Aurora Inn_bar
Travel

Reinventing the Aurora Inn

This northeast Ohio landmark was shuttered before its new owners teamed with HGTV’s Genevieve Gorder to create a modern hotel that honors its 90-year history. 

The Six Horses Tavern has a dark brown tin ceiling and tile floors that give it a distinct 1920s feel. Just beyond the classic sheen, one notices the modern touches: hidden purse hooks and outlets for phone chargers. Over the years, entertainers such as Dean Martin and Rosemary Clooney stopped in at one time or another. Now, you can too, to raise a glass to the Aurora Inn’s new look for its 90th anniversary. 

“The architectural integrity of what was originally designed had really been changed,” says Stephen Mansfield, proprietor of the Aurora Inn Hotel & Event Center. “This hotel was built in a classic Western Reserve style and none of that shined through when we bought it.” 

In 2014, Mansfield and his business partners purchased the inn and began restoring the property. After undergoing a three-year renovation led by interior designer and HGTV personality Genevieve Gorder, the 66-room hotel unveiled its new look last month.

Gorder was brought in to give the inn a fresh, contemporary feel, while incorporating local history. One black and white photo hanging on the wall captures local cheese barons Frank Hurd and W.J. Eldridge dressed in 1880s high fashion. Another shows President Richard Nixon receiving the key to the city in 1972. 

In the lobby, guests check in at a large desk built using salvaged beams from the inn. The original red brick floor was brought back to life after spending years hidden, and renovators uncovered a large brick fireplace that now serves as the room’s focal point.
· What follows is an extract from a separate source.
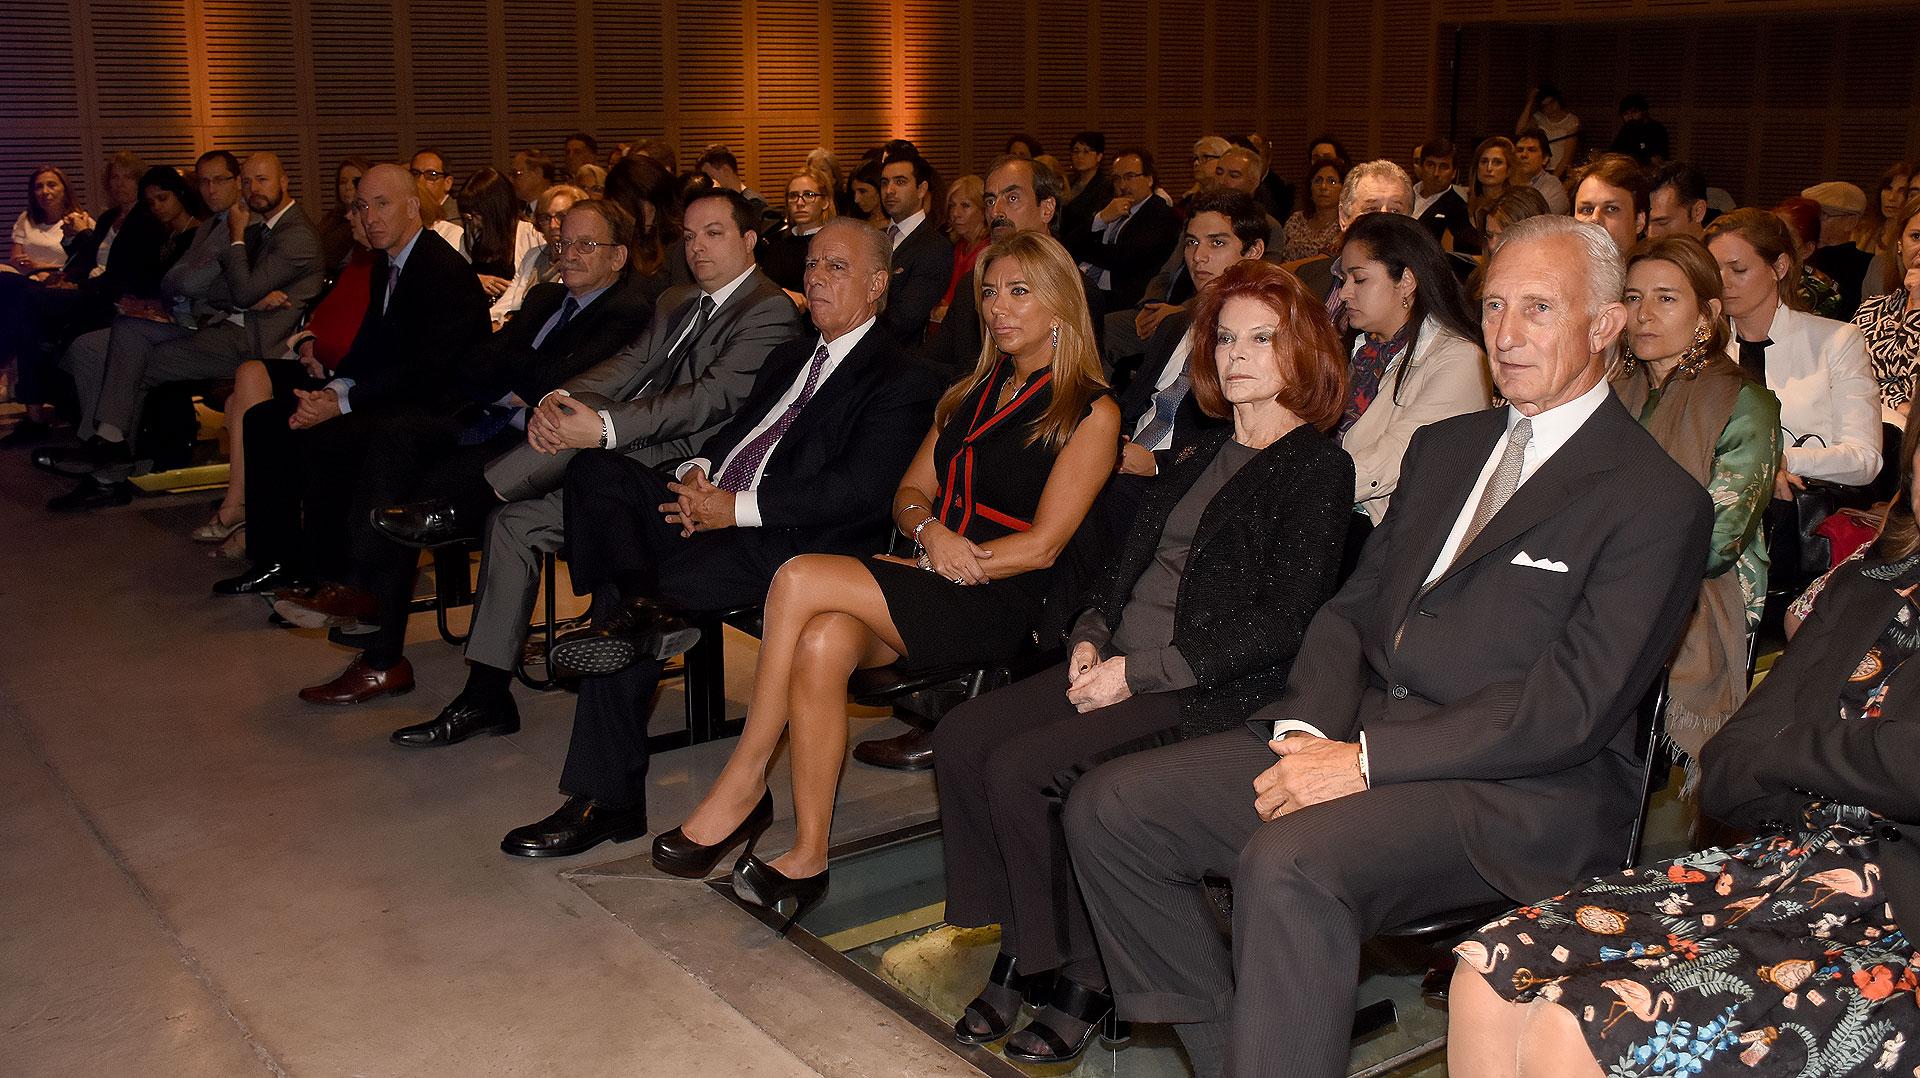 El primera fila: el embajador británico Mark Kent; el presidente de la DAIA, Ariel Cohen Sabban; Alejandro y Bettina Bulgheroni; Lili Sielecki y Jorge Neuss

The art deco chandeliers in the ballroom are one of Mansfield’s favorite features. They are also one of the few original elements of the 1927 inn that remains today following a 1963 fire. 

“When we took over the hotel, they were up there, but they had been caked with decades worth of dust and dirt,” Mansfield says of the chandeliers. So, he got on a scaffold and spent about a week taking out every piece of glass to clean and polish it.

“[The inn] has created memories for 90 years,” he says. “I am really excited to take what was a closed, poorly managed, poorly run ugly building and bring it back to what I think is just a gorgeous current life.”